**SOURCE MATERIAL**
------------------------------------------------
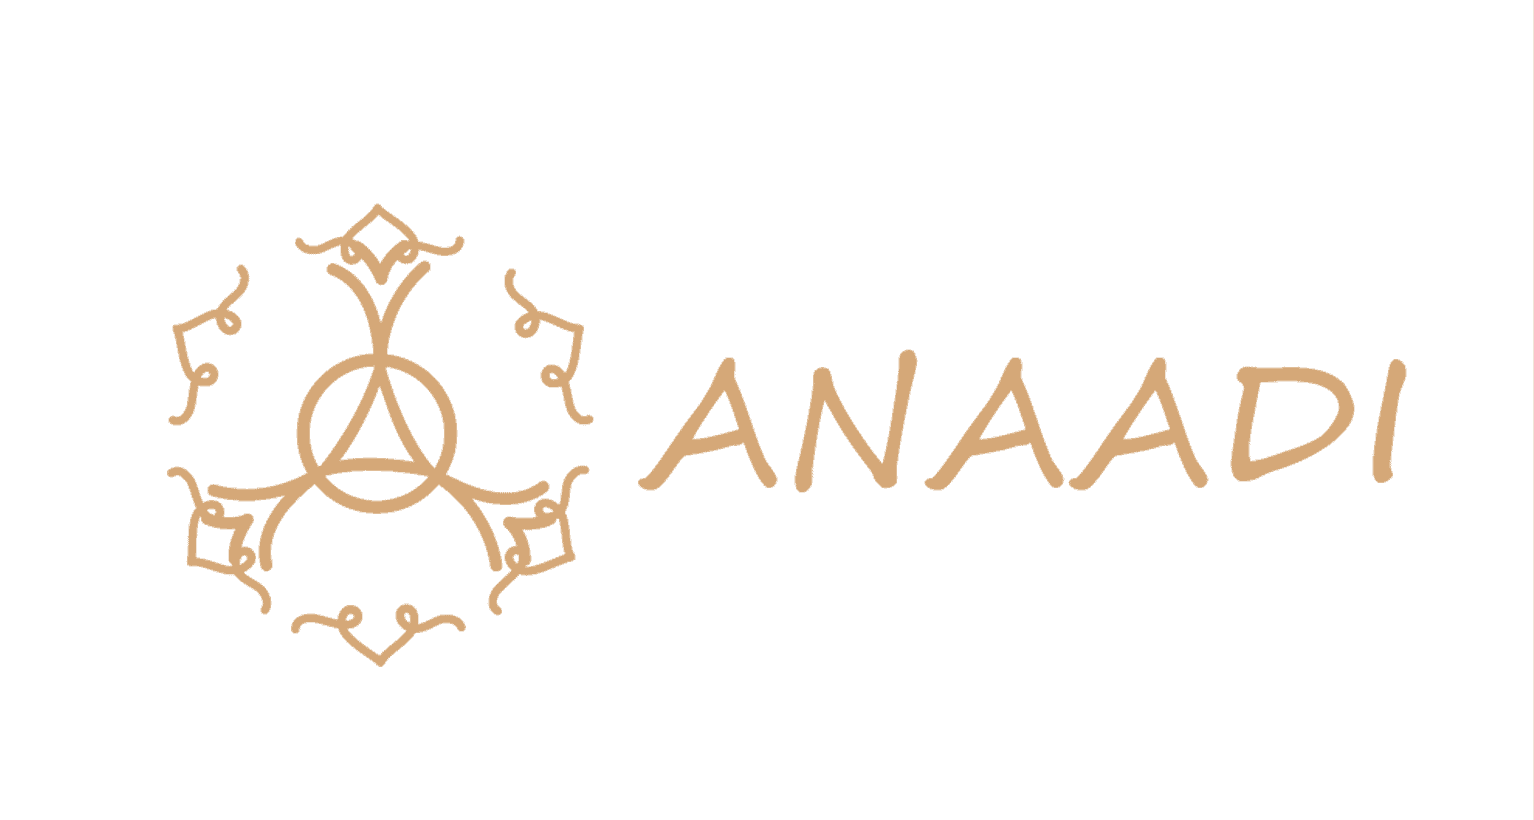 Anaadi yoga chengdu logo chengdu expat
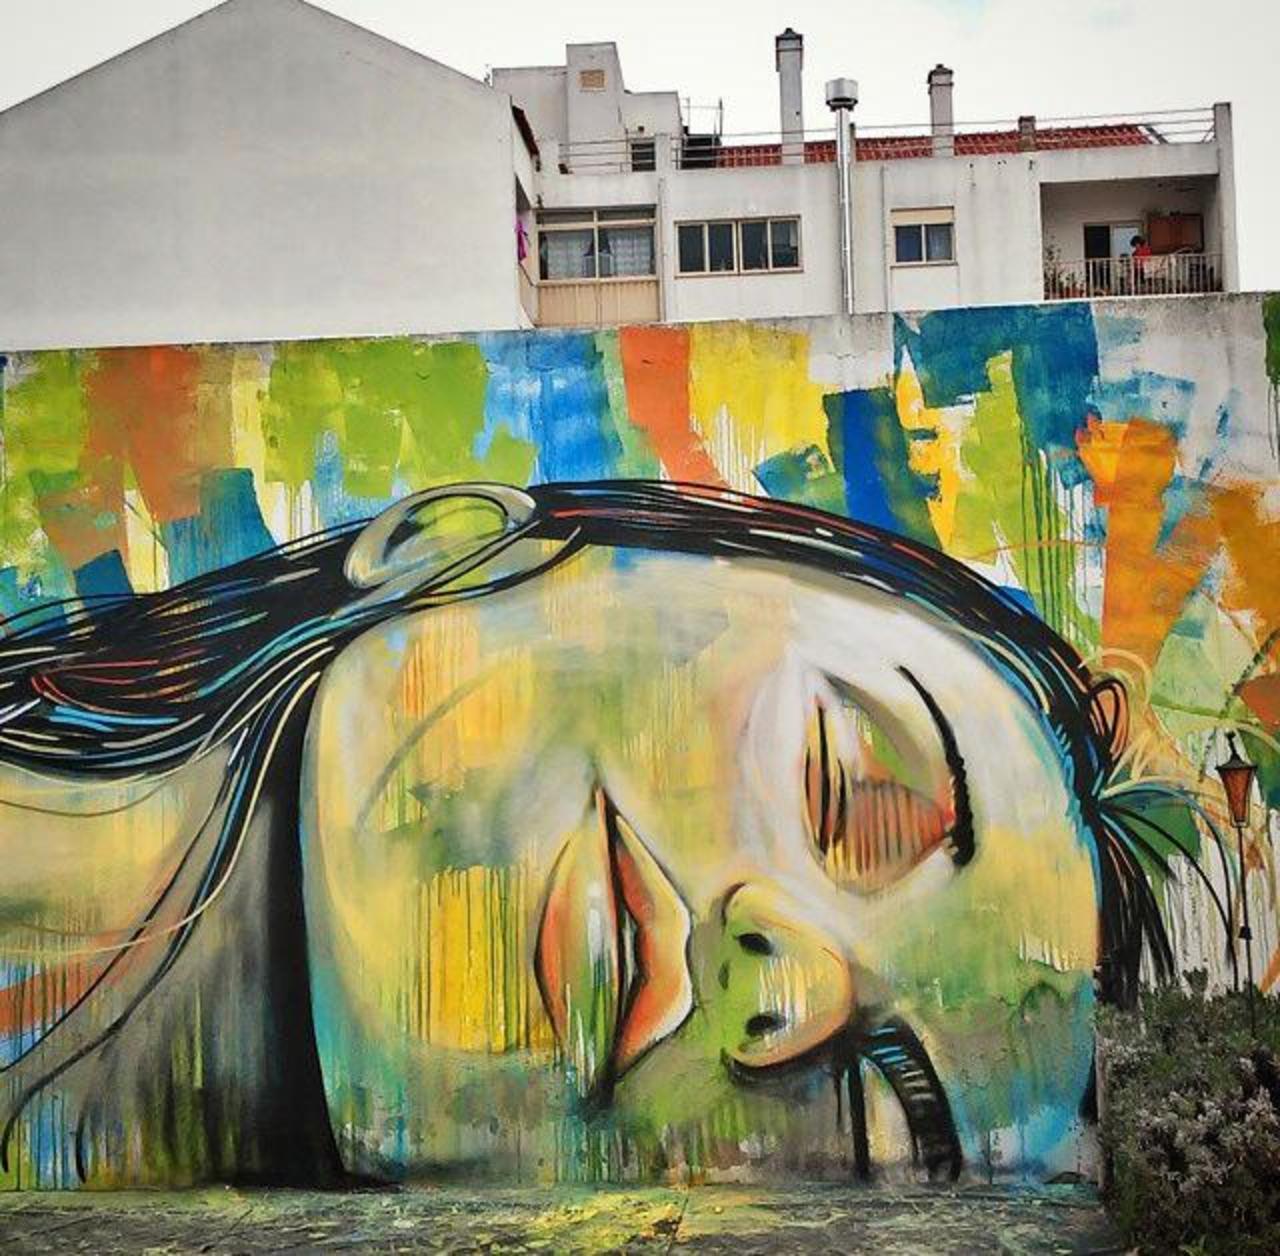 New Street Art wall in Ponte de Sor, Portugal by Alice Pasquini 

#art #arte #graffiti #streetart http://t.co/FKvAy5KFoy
------------------------------------------------
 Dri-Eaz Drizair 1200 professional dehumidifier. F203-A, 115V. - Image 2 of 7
------------------------------------------------
**WHAT TO WORK ON**
Having found the line with "Anaadi yoga chengdu logo chengdu expat" and the line with "#art #arte #graffiti" in the material above, write out exactly those two and every line between, leaving the pictures out.

**TASK RESPONSE**
 Anaadi yoga chengdu logo chengdu expat
 New Street Art wall in Ponte de Sor, Portugal by Alice Pasquini 

#art #arte #graffiti #streetart http://t.co/FKvAy5KFoy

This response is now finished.